PROBLEM TO SOLVE => Please write out, exactly, every line of the listing from its first line through the one that includes "Bacs gerbables norme".

EXTRACTED RECORDS =>

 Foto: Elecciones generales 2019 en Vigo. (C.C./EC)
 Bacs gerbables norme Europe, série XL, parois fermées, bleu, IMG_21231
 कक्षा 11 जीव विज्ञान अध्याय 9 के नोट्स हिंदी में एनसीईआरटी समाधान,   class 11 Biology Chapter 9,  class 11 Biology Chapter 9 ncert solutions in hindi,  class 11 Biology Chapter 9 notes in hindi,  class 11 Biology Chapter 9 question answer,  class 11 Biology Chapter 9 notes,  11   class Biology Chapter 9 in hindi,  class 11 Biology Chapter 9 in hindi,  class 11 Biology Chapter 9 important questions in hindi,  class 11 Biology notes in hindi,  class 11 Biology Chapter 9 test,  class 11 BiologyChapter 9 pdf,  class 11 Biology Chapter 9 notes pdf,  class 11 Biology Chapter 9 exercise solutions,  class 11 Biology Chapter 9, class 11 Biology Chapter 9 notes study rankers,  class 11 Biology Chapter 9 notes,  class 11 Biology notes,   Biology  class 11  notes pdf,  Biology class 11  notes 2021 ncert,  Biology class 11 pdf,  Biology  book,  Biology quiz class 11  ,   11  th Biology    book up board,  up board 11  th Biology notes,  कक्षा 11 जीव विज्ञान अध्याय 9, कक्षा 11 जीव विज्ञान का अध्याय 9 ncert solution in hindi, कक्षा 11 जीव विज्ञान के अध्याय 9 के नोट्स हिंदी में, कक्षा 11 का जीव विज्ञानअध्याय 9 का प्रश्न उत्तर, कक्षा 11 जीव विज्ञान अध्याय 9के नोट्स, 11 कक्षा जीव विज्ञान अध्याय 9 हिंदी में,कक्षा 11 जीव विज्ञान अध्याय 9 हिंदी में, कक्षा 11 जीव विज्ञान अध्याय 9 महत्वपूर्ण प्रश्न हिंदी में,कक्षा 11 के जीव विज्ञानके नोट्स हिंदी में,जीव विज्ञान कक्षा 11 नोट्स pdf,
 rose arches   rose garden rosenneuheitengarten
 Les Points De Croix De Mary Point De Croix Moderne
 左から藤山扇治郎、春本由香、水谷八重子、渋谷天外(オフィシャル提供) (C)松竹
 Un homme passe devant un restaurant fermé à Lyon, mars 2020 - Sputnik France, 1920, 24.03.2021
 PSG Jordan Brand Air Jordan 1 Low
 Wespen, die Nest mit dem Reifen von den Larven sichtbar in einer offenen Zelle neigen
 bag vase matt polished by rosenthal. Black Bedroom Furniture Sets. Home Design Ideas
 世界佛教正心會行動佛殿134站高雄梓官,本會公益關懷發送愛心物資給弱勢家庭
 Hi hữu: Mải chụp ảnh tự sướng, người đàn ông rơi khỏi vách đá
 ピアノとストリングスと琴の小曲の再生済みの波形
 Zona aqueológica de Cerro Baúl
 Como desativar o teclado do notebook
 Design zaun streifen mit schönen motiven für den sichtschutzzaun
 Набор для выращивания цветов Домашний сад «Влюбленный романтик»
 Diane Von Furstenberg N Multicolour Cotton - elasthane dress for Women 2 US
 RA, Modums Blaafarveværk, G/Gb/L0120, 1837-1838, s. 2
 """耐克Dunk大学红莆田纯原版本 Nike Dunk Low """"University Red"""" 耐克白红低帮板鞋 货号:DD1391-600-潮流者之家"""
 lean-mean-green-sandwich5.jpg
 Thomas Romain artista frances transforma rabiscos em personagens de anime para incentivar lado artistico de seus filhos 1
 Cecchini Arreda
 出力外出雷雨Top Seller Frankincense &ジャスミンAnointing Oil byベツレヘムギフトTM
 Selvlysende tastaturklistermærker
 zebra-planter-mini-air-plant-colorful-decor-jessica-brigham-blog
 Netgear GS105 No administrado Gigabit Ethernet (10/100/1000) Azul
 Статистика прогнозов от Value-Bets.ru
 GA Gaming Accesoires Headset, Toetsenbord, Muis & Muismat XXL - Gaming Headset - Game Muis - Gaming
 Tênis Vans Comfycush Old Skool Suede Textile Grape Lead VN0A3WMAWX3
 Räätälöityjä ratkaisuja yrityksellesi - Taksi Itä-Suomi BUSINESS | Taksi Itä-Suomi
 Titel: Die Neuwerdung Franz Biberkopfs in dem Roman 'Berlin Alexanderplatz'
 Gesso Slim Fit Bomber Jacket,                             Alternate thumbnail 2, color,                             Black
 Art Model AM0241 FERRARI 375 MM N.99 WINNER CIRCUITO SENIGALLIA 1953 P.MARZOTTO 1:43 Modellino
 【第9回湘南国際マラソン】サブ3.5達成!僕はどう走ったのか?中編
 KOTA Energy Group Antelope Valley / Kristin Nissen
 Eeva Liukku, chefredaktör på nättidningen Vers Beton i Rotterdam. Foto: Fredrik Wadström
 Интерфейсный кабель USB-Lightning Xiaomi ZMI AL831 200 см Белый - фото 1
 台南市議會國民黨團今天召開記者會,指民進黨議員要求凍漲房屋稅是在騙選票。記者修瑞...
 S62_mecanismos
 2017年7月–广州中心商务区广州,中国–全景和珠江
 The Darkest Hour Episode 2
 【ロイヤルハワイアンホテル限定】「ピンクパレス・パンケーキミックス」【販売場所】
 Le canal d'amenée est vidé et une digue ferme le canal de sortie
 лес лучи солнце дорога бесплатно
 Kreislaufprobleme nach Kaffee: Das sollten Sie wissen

REPLY TO THE TASK =>
 Foto: Elecciones generales 2019 en Vigo. (C.C./EC)
 Bacs gerbables norme Europe, série XL, parois fermées, bleu, IMG_21231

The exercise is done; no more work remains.